Veronica Swift, This Bitter Earth (Mack Records)

Anais Reno, Lovesome Thing: Sings Ellington and Strayhorn (Harbinger)

Debut :   Sara Schoenbeck, Sara Schoenbeck (Pi Recordings)

Michael Ullman studied classical clarinet and was educated at Harvard, the University of Chicago, and the U. of Michigan, from which he received a PhD in English. The author or co-author of two books on jazz, he has written on jazz and classical music for the Atlantic Monthly, New Republic, High Fidelity, Stereophile, Boston Phoenix, Boston Globe, and other venues. His articles on Dickens, Joyce, Kipling, and others have appeared in academic journals. For over 20 years, he has written a bi-monthly jazz column for Fanfare Magazine, for which he also reviews classical music. At Tufts University, he teaches mostly modernist writers in the English Department and jazz and blues history in the Music Department. He plays piano badly.


Allen Michie

Favorite jazz albums of the year

It’s been a great year for jazz, because every year is a great year for jazz! While these might not necessarily be the highest achievements or the most influential recordings of the year, here are some personal favorites of mine (in no particular order) that made my snappin’ fingers sore in 2021:

Veronica Swift, This Bitter Earth: It’s wonderful to see Veronica Swift, Cécile McLorin Salvant, and Jazzmeia Horn carrying the art of straight-ahead jazz vocals into the next generation. Each truly deserves comparisons with the great female jazz singers of the past. But it was Swift who came into her own in 2021 with This Bitter Earth, a masterpiece that holds tremendous promise for her long career ahead.

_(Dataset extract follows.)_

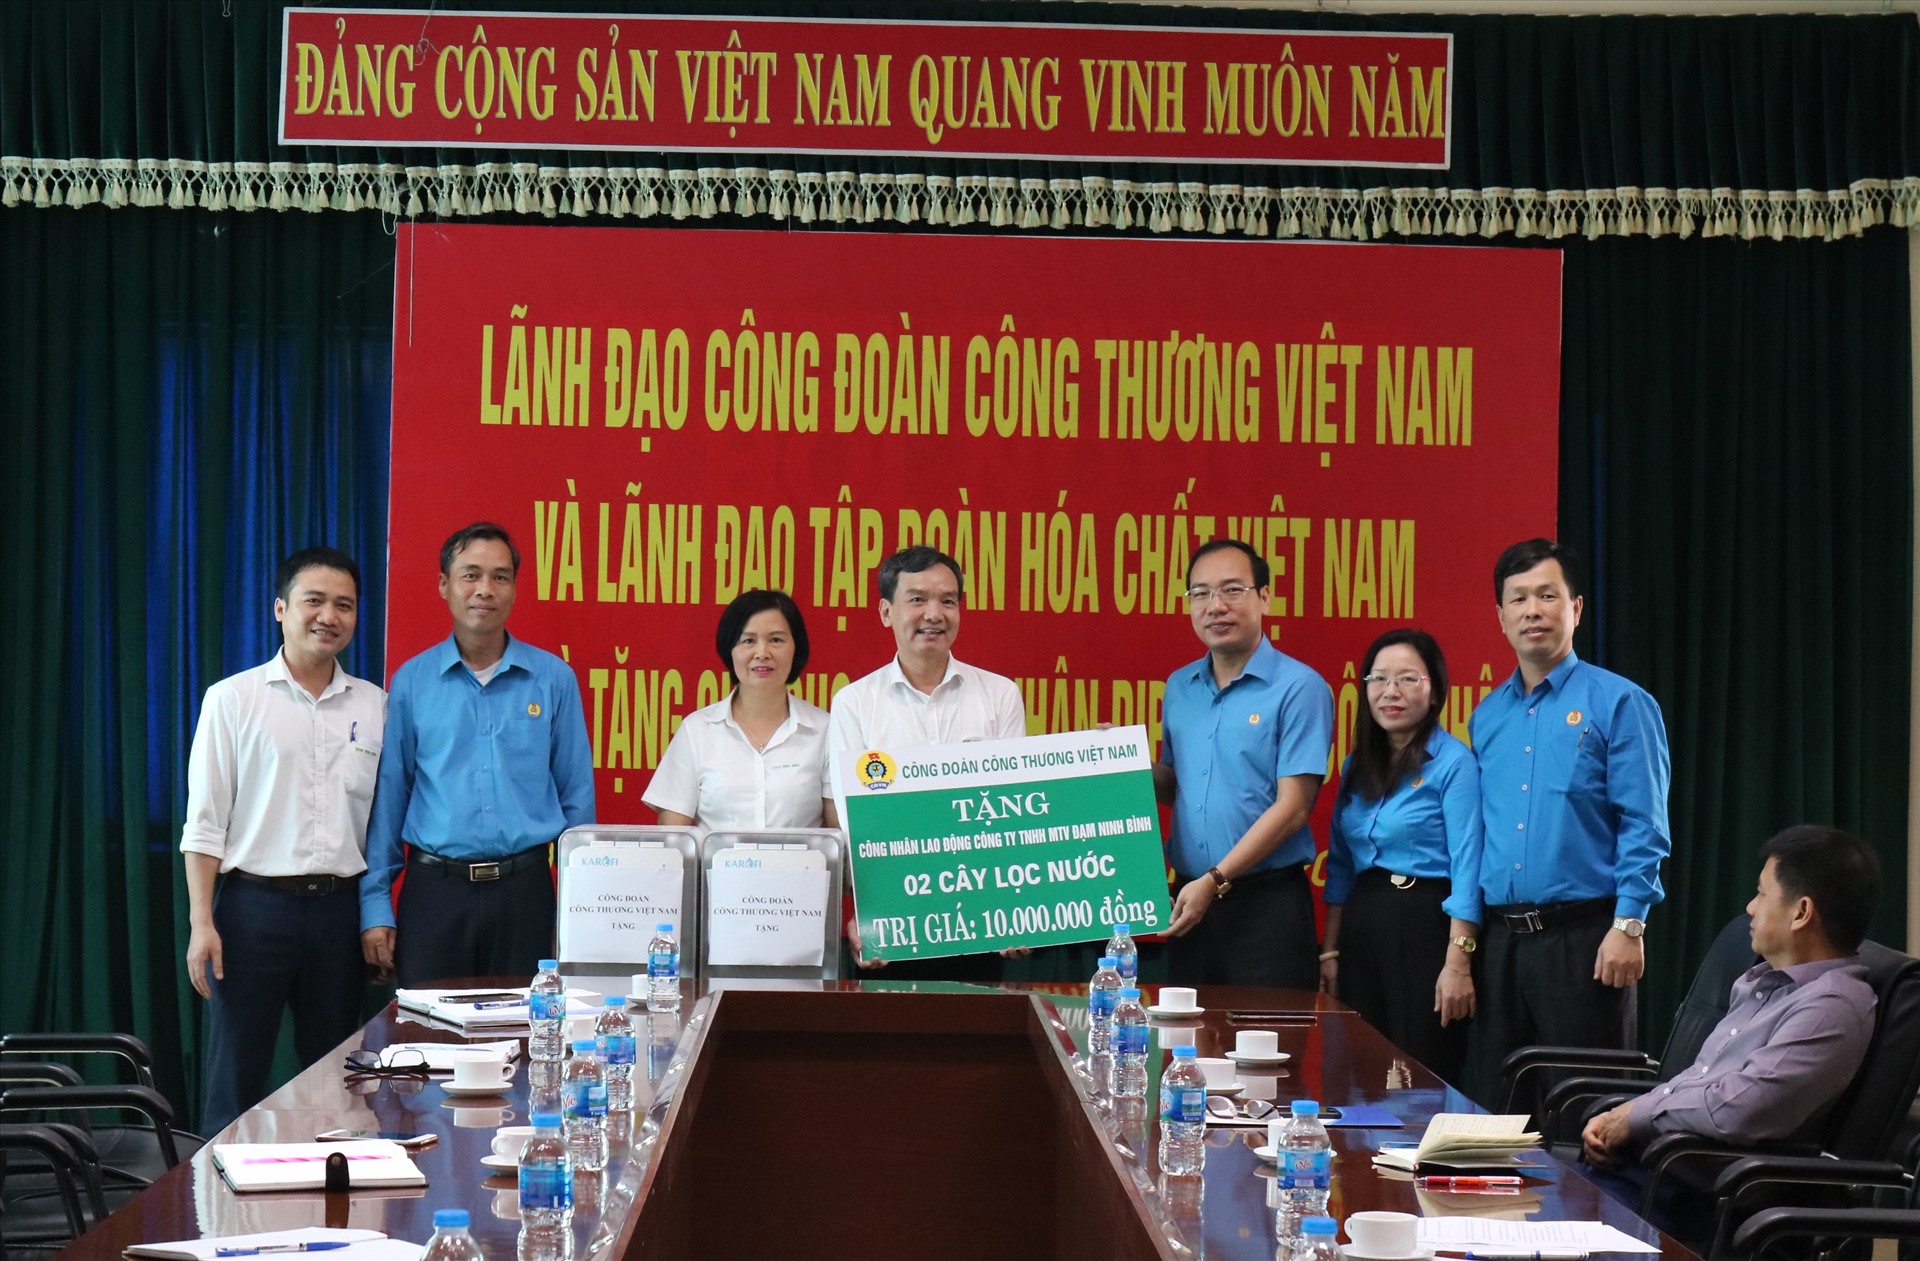 Lãnh đạo Công đoàn Công thương Việt Nam và Công đoàn Công nghiệp Hoá chất Việt Nam tặng quà đại diện người lao động. Ảnh: Xuân Tùng

Various Artists, Indaba Is: This sampler of new jazz from South Africa is an exciting mix of traditional African rhythms, slick urban R&B influences, contemporary jazz, swirling native vocals, and much more. Check out “Umdali” by Sibusile Xaba for a journey both peaceful and mysterious.

Miles Davis, Merci Miles! Live at Vienne: In one of his final live performances, Miles Davis strips his electric band down to a sextet and plays with the conviction of someone who is starting to sum up one of the great careers in the history of American music.

Robert Walter, Spirit of ’70 (featuring Gary Bartz & The Greyboy Allstars): Unapologetic guilty-pleasure grooves straight from the early 1970s, delivered fresh in 2021 to your Boomer eardrums. Tight funky drums, electric piano, cheeseball organ, and soulful tenor sax — it’s like Booker T meets James Brown and the Bill Black Combo at the Blue Note studios. The greatest jazz album of the year? Of course not. But it’s staying on my road trip playlist.

Dave Liebman and Expansions, Selflessness: The Music of John Coltrane: Liebman explores the more mainstream side of his soprano sax in this tribute to the lyrical side of Coltrane’s playing and compositions. Each track is significantly rearranged and reimagined to fit the strengths and styles of the Expansions group, including excellent contributions from fellow saxophonist Matt Vashlishan.

Count Basie Orchestra, Live at Birdland: The Basie ghost band is doing the boss proud in this hard-swinging double live album. Literally every solo and vocal turn is terrific across all 33 of these tracks. There’s nothing quite like hearing a big band full of excellent musicians having the time of their lives on a dream gig.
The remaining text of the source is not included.